The data
▬▬▬

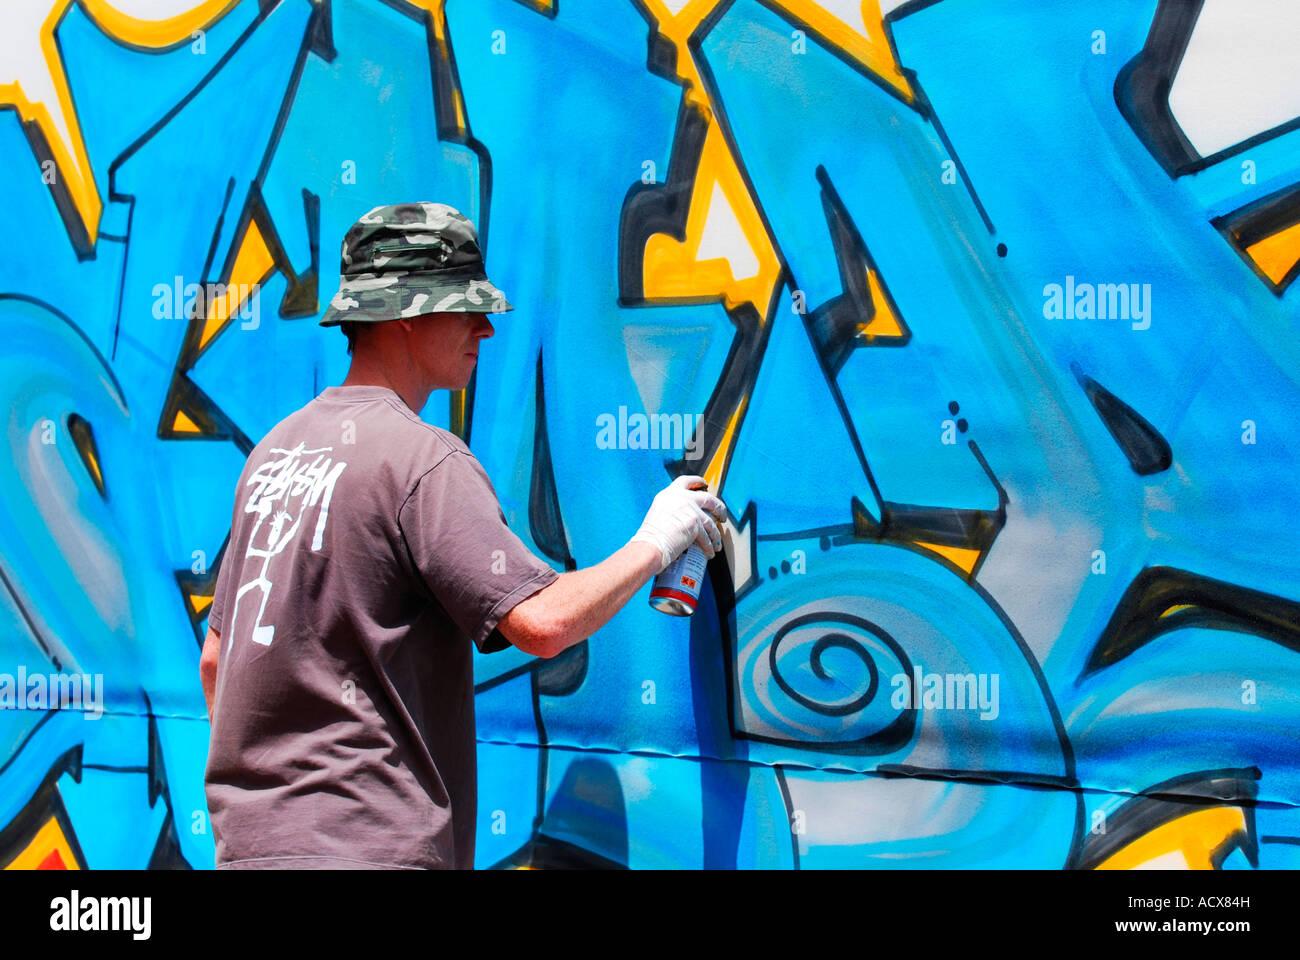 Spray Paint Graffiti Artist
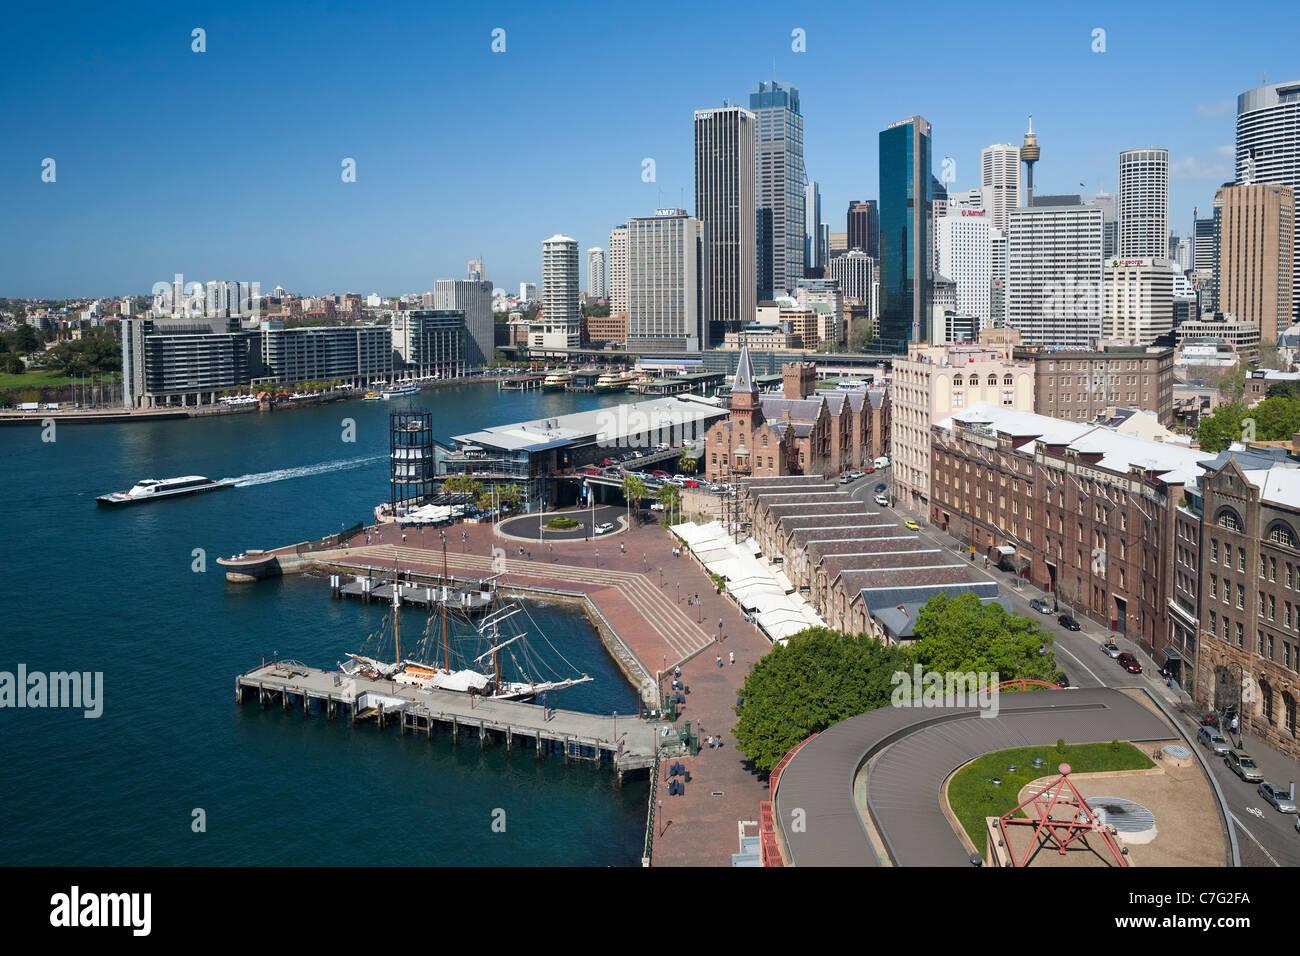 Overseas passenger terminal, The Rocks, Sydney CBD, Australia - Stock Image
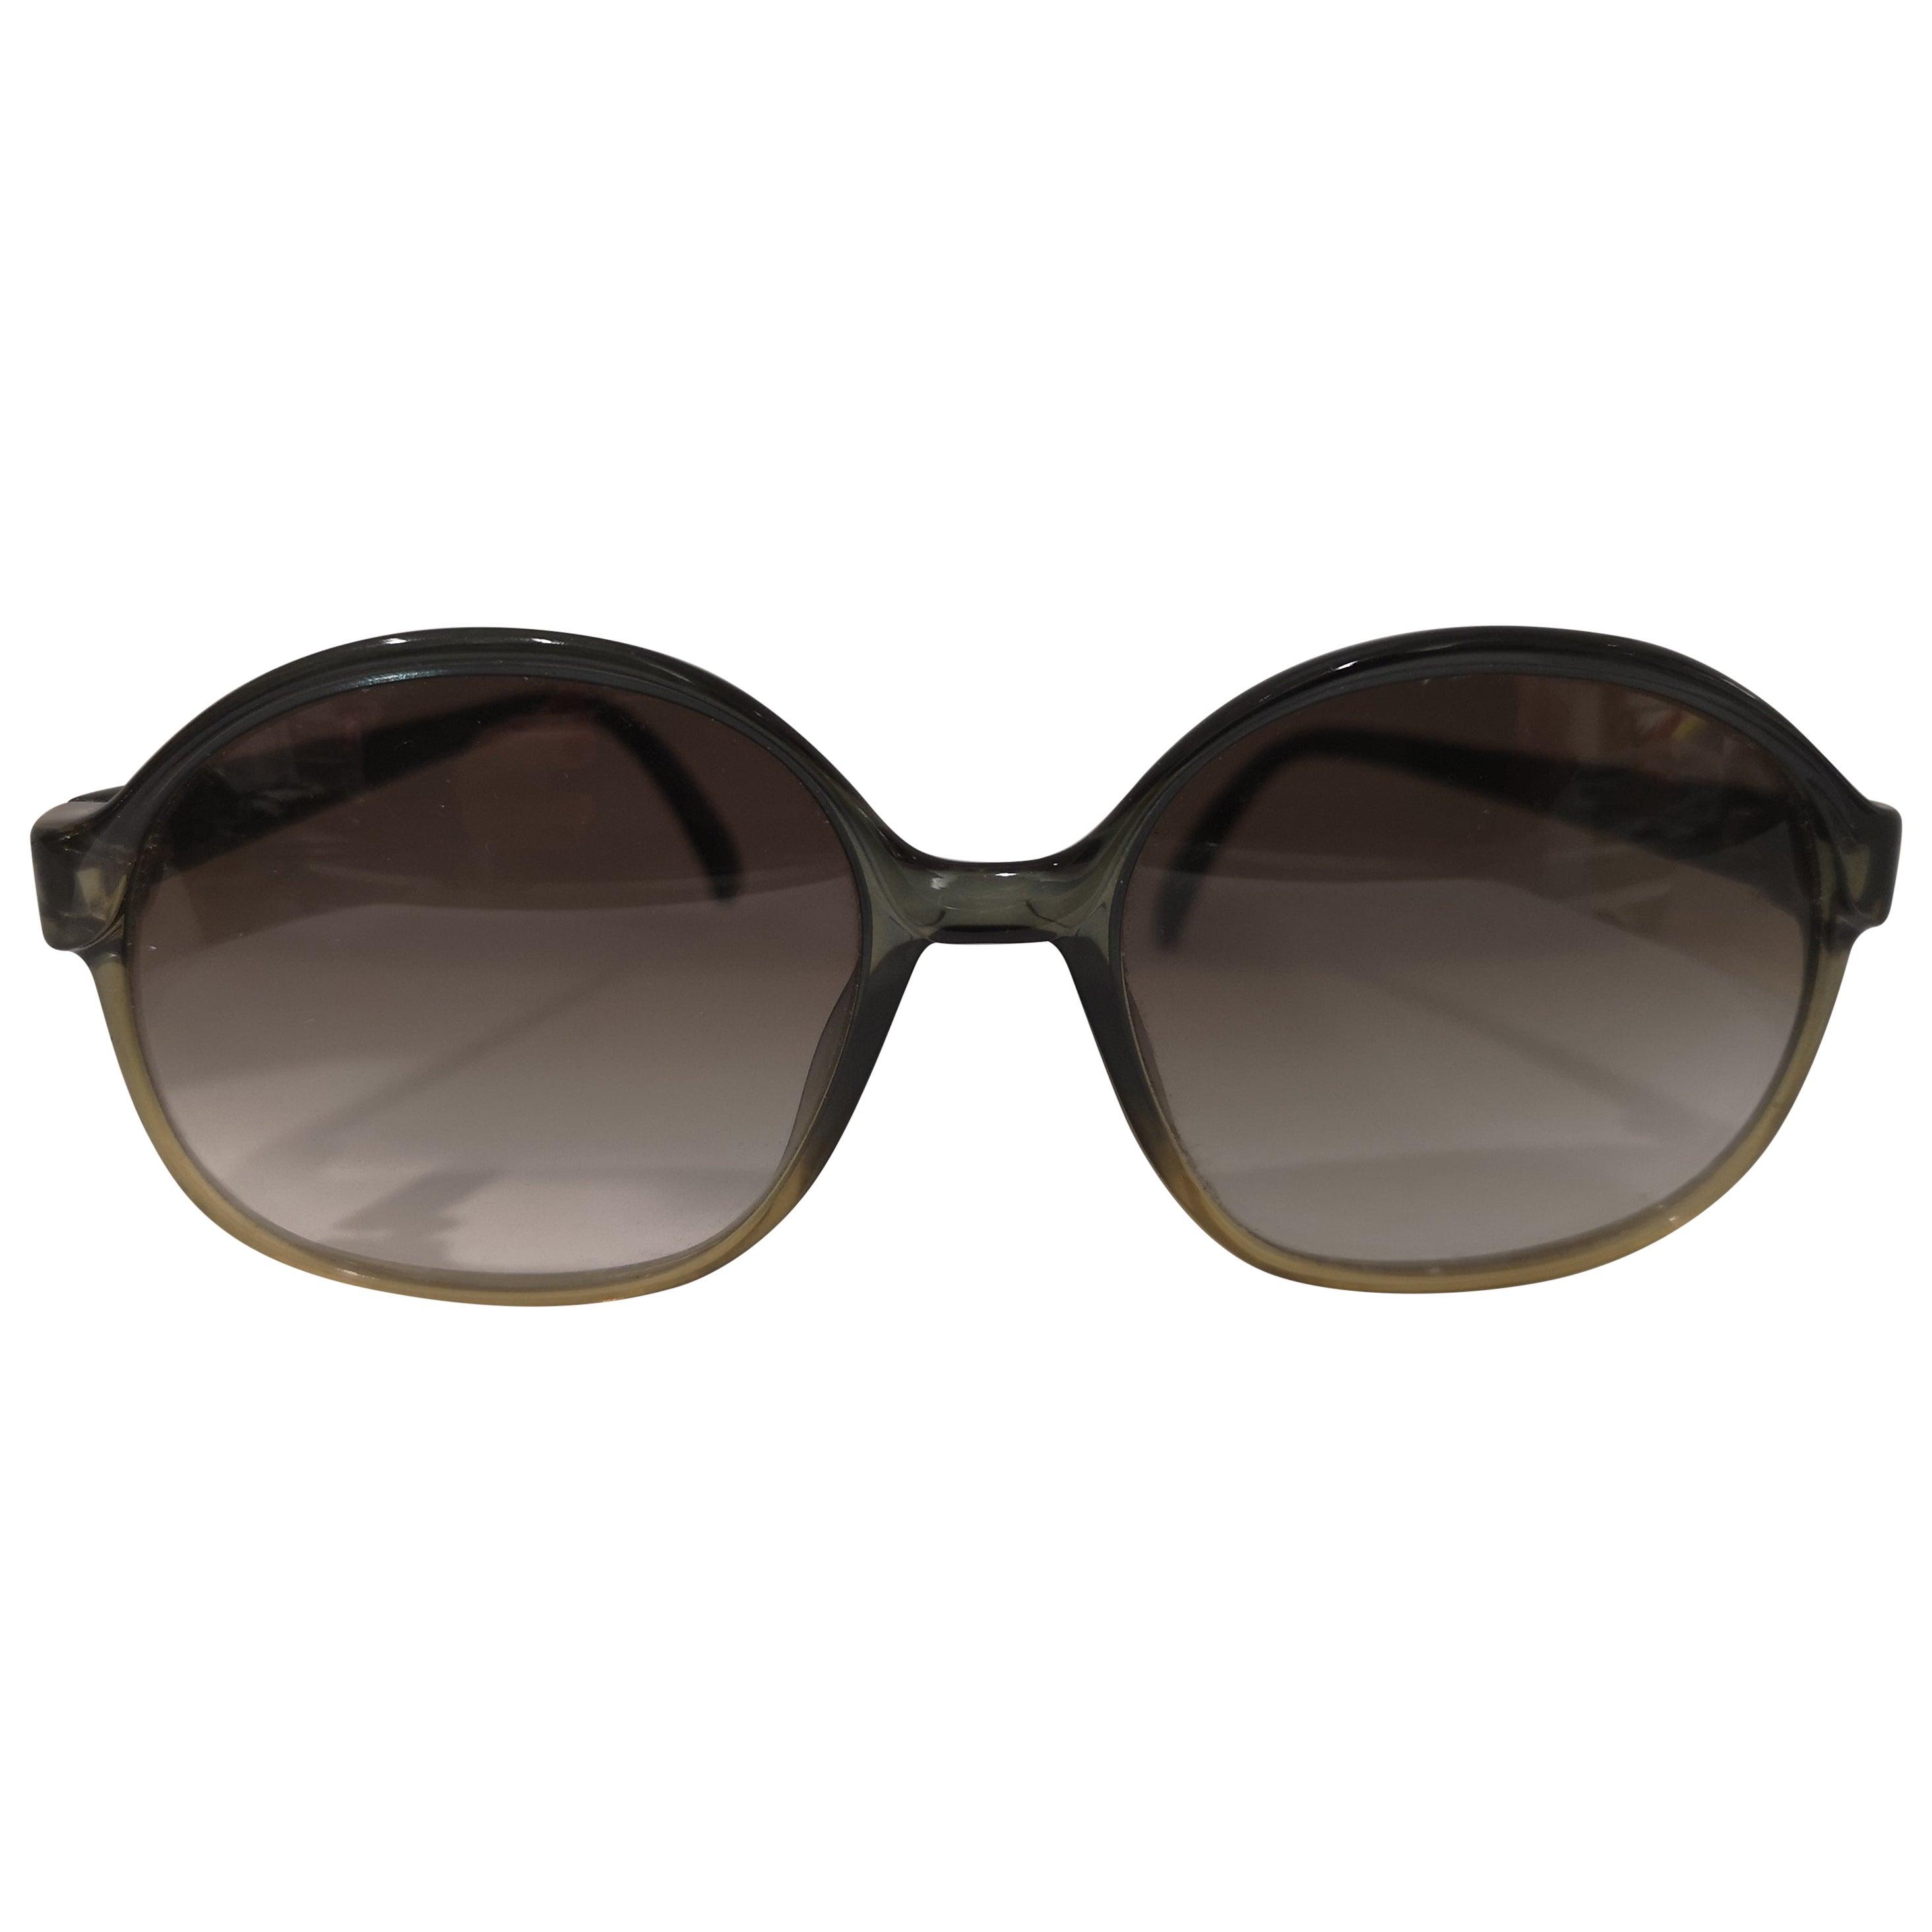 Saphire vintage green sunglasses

▬▬▬

The response is the full listing, copied exactly, with the pictures omitted.

Solved exercise
 Spray Paint Graffiti Artist
 Overseas passenger terminal, The Rocks, Sydney CBD, Australia - Stock Image
 Saphire vintage green sunglasses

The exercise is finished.